In the strict sense of the question the answer is no. Yet, despite banking practices predating the apparition of Money as a payment method, since the 14th century both the History of Banking and the History of Money are intertwined.


Where does the word ‘Bank’ come from?


It comes from the latin word ‘Bancu’ or ‘Banca’ (the latter introduced in the Middle Ages) which means ‘Long Bench’. ‘Banca’ is also the current Italian word for ‘Bank’.

In fact, during the Roman Empire, moneylenders used to set up their trading spots along benches (‘bancus’).

In the Bible, in Matthew 21:12, there is a reference to the said ‘merchant benches’: ‘Jesus entered the temple area and drove out all who were buying and selling there.
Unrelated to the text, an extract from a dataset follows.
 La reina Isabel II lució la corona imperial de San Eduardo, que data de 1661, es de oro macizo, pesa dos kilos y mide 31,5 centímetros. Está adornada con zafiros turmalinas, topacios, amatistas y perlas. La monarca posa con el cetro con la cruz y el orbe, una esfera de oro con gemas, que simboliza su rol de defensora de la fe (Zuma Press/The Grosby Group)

He overturned the tables of the money changers and the benches of those selling doves’.

By the way, the word ‘bankruptcy’ is associated with the Italian expression ‘banca rotta’ which means ‘broken bench’.
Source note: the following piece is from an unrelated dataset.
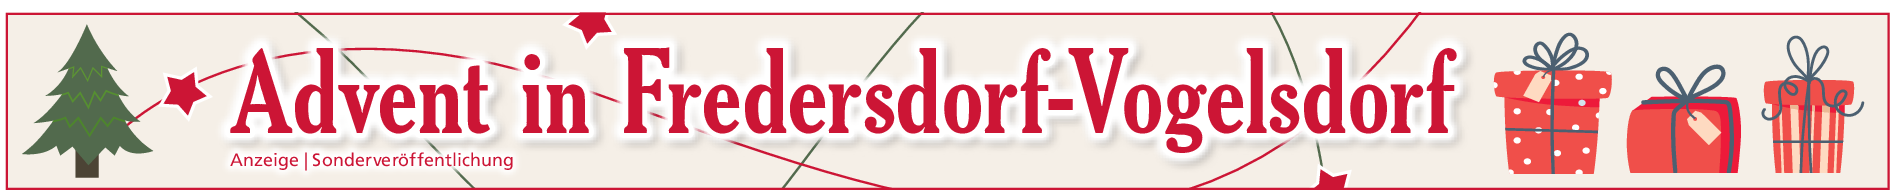 Fredersdorf-Vogelsdorf: Auftakt in die Adventszeit

Does the early history of banking involve just the Assyrians and the Babylonians?


No, it does not.

‘Before Christ’ there is record of banking practices in Egypt, China, India, Greece and Rome as well.

Beside precious metals, transactions were based on grain, cattle, agricultural tools among other basic elements.

The places where transactions took place were usually palaces and temples; at the same time those places acted as vaults.

In Greece, in the 5th century before Christ, merchants were already used to practices such as deposits, credit and currency exchange among others.

In Egypt, around 300 BC, historians talk about a ‘trade credit system’ based on a network of grain banks and the implementation of ‘credit receipts’.

In China, in the 2nd Century BC there were accounts of coins and ‘letters of credit’ used among merchants.

The Roman Empire was the precursor of Banking as we know today. With the fall of Rome, the initial forms of banking gave way to a ‘modern’ conception of banking starting in the 14th century.

By the way, during the Roman Empire, charging interest on loans and paying interest on deposits became customary financial practices.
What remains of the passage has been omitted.